Jeff "grind em if ya got em" Trail

----------


## Lee Prewitt

I really like going through the older threads to see what I have missed.  This one has been really interesting.  I ran across one of theses prism at near Rx's once before.  Really stumped the doc and myself as to how one could grind it.  My question is what are these types of Rx's generally used for?

----------


## Jubilee

I must say you guys do a wonderful work with your prism segs. I remember a couple of years ago having a gentleman come in to see me who had seven diopters out in each eye. So when it came to reading using his bifocals, no use to him at all. He didn't like to switch between glasses and really wanted something better. He had been searching for an answer for years...had tried ben franklins and the like..didn't like it at all...

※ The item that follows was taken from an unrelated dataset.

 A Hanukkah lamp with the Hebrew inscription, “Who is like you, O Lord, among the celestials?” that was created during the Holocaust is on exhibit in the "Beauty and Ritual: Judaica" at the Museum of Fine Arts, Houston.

It just so happened that in one of the optical magazines Epic Labs was mentioned in specializing in this sort of thing. I was able to talk to the dr and come up with reducing the prism in the seg to only 1 out in each, so it required a 6 diopter in seg. It came back in a week, and my 70 year old retired engineer actually *jumped* with joy!

I really have to agree with the idea on marketing and promoting what is available out there.  Especially as the knowledge and desire lessens for most folks to reach out and do the odd stuff. Heck we have to send out all execs, blendeds, slabs, and most of our other odd stuff. Granted we are an one hour optical, but still most of the odd stuff we could do in the hour if we just had the lens stock or a good drill... If we are scaling back like that, how many other companies are in doing non bread and butter stuff, and as wholesalers get more of this, why do they want to spend a lot of time on high breakage potential jobs?

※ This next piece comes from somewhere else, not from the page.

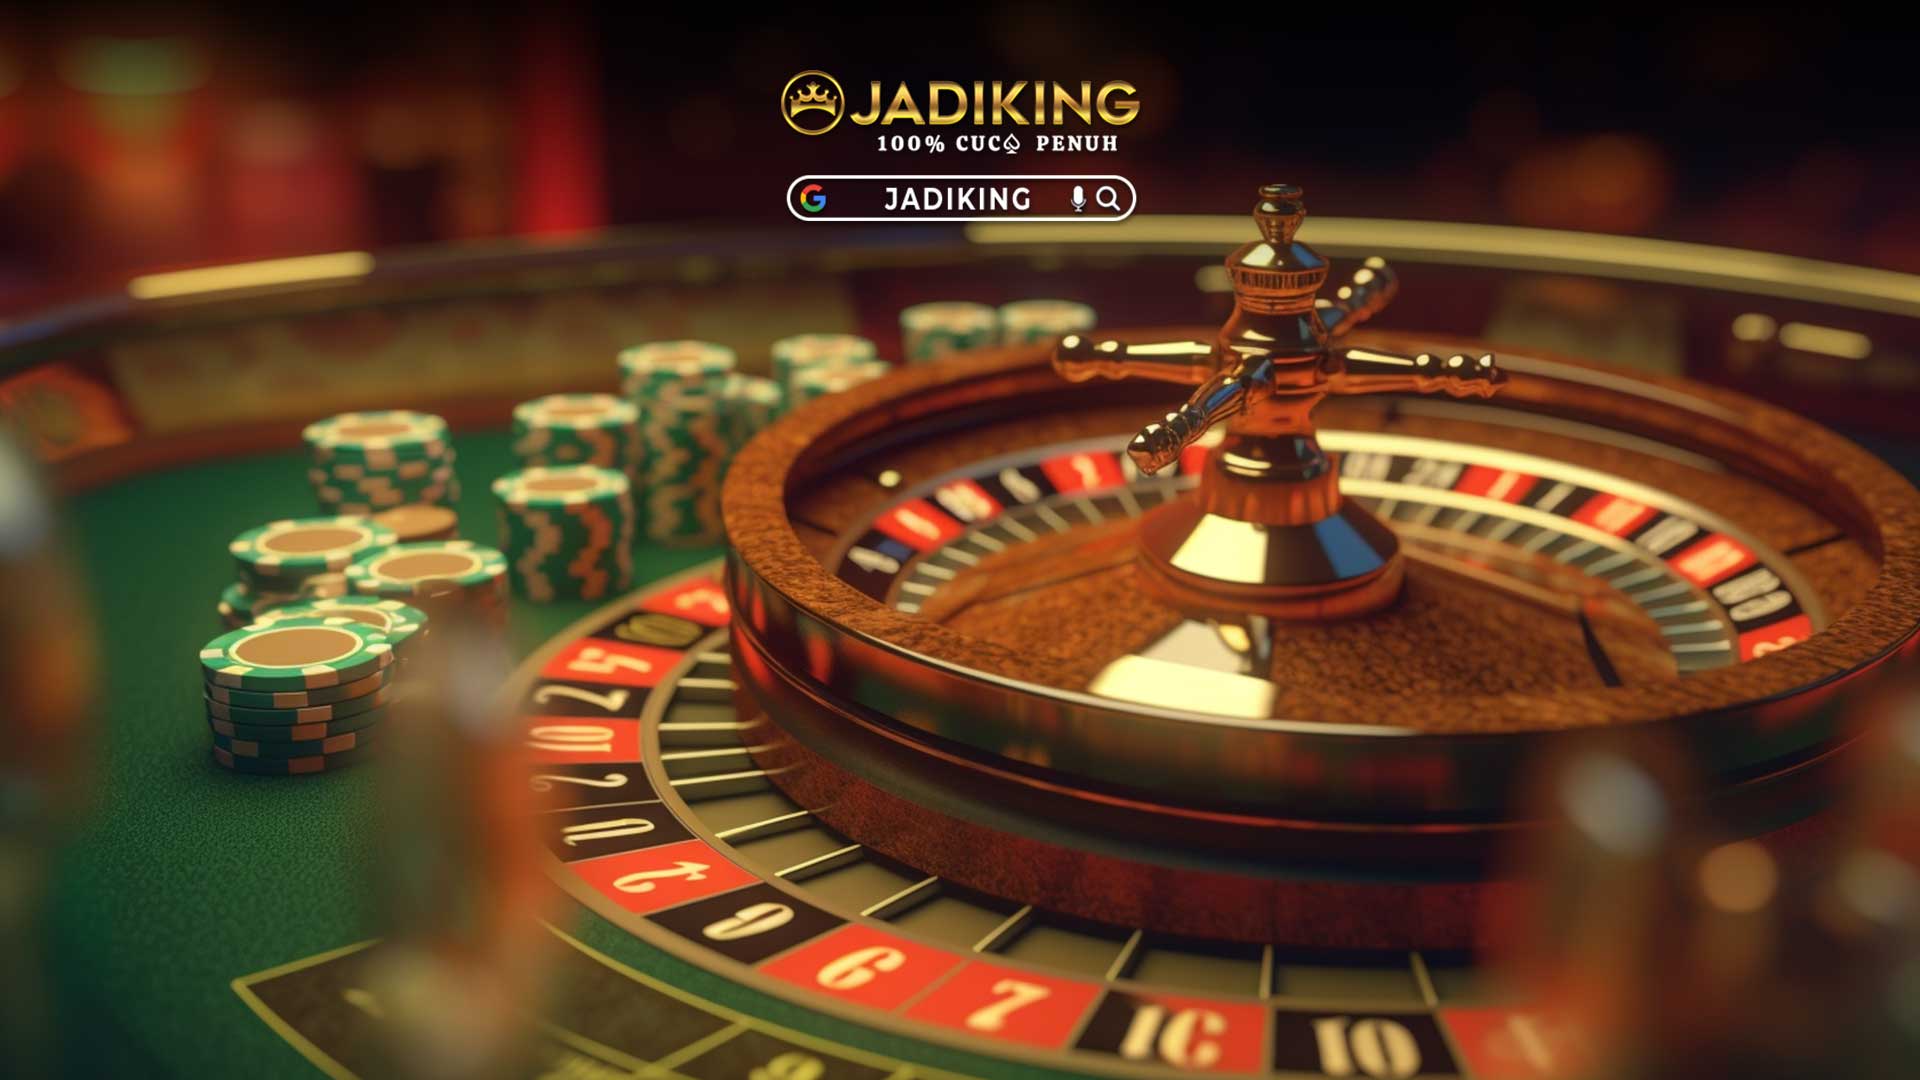 Jadiking88 Slot Malaysia: Your One-Stop Destination for Sportsbook, Slots, Live Casino, and Fish Games!

Go for it! Market it! Educate !

Cassandra

----------


## Darryl Meister

> *Lee Prewitt said:* 
> My question is what are these types of Rx's generally used for?


Generally, prism is prescribed for bifocal segments because of binocular vision anomalies that either a) occur only during near vision or b) occur with differing magnitudes between far and near vision. For instance, some patients might have eyes that converge too much during near vision for the required amount of accommodation (i.e., high accommodative-convergence to accommodation ratio) or not enough. Consequently, they may need little or no prism at distance, but some prism at near.

Best regards,
Darryl

----------


## Lee Prewitt

> *Darryl Meister said:* 
> 
> 
>  b) occur with differing magnitudes between far and near vision.

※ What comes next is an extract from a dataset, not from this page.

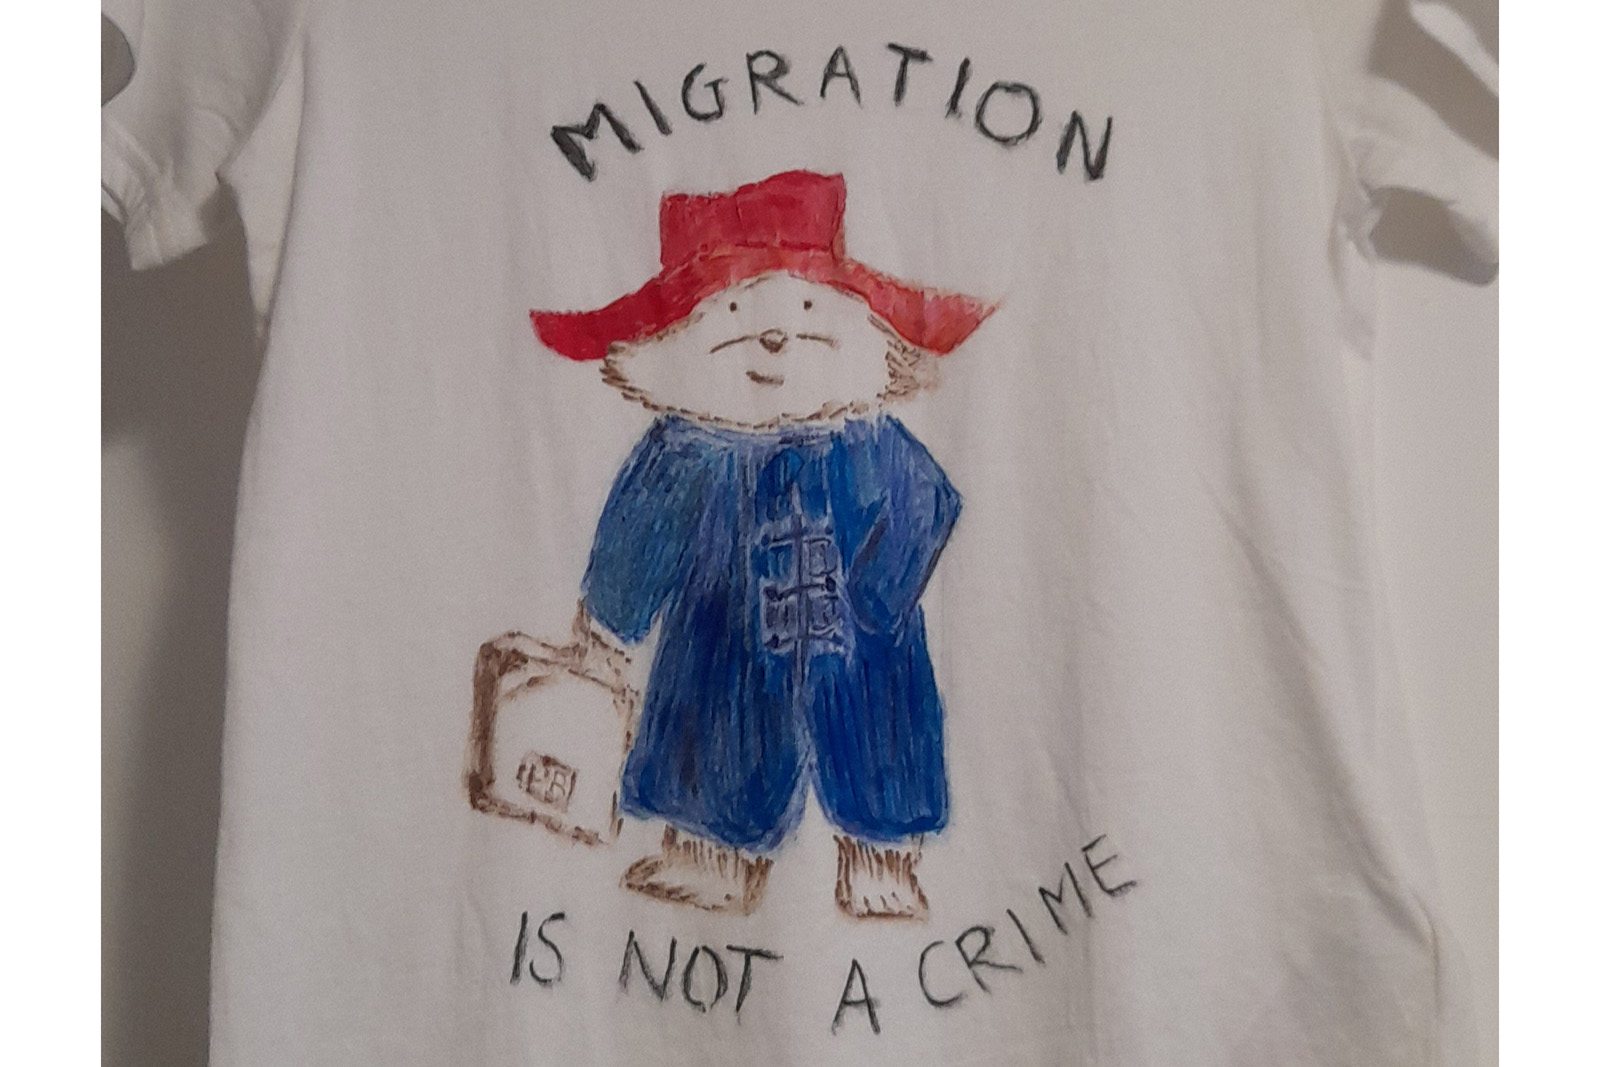 Drawing of a bear in a red hat and blue overalls carrying a suitcase on a t-shirt with "migration is not a crime" surrounding the picture

Darryl, are you referring to a slab off situation with this statement?  My understanding from previous conversations was that prism segs dealt with in/out and not up/down?  Also are there specific disease/ocular health issues related with these types of lenses?

Thanks for your wise wisdom!!!

----------


## John R

> *Lee Prewitt said:* 
> 
>  My understanding from previous conversations was that prism segs dealt with in/out and not up/down?


A prism seg can have any direction you need. up, down, in, out or a resultant axis if you need it..
At least in glass anyway.

----------


## Lee Prewitt

Thanks for the info John. My you Brits do do alot of glass lenses, don't you???

----------


## John R

> *Lee Prewitt said:* 
> Thanks for the info John. My you Brits do do alot of glass lenses, don't you???


For my sins yep...Just keeps me of the streets...

----------


## Darryl Meister

> *Lee Prewitt said:* 
> Darryl, are you referring to a slab off situation with this statement?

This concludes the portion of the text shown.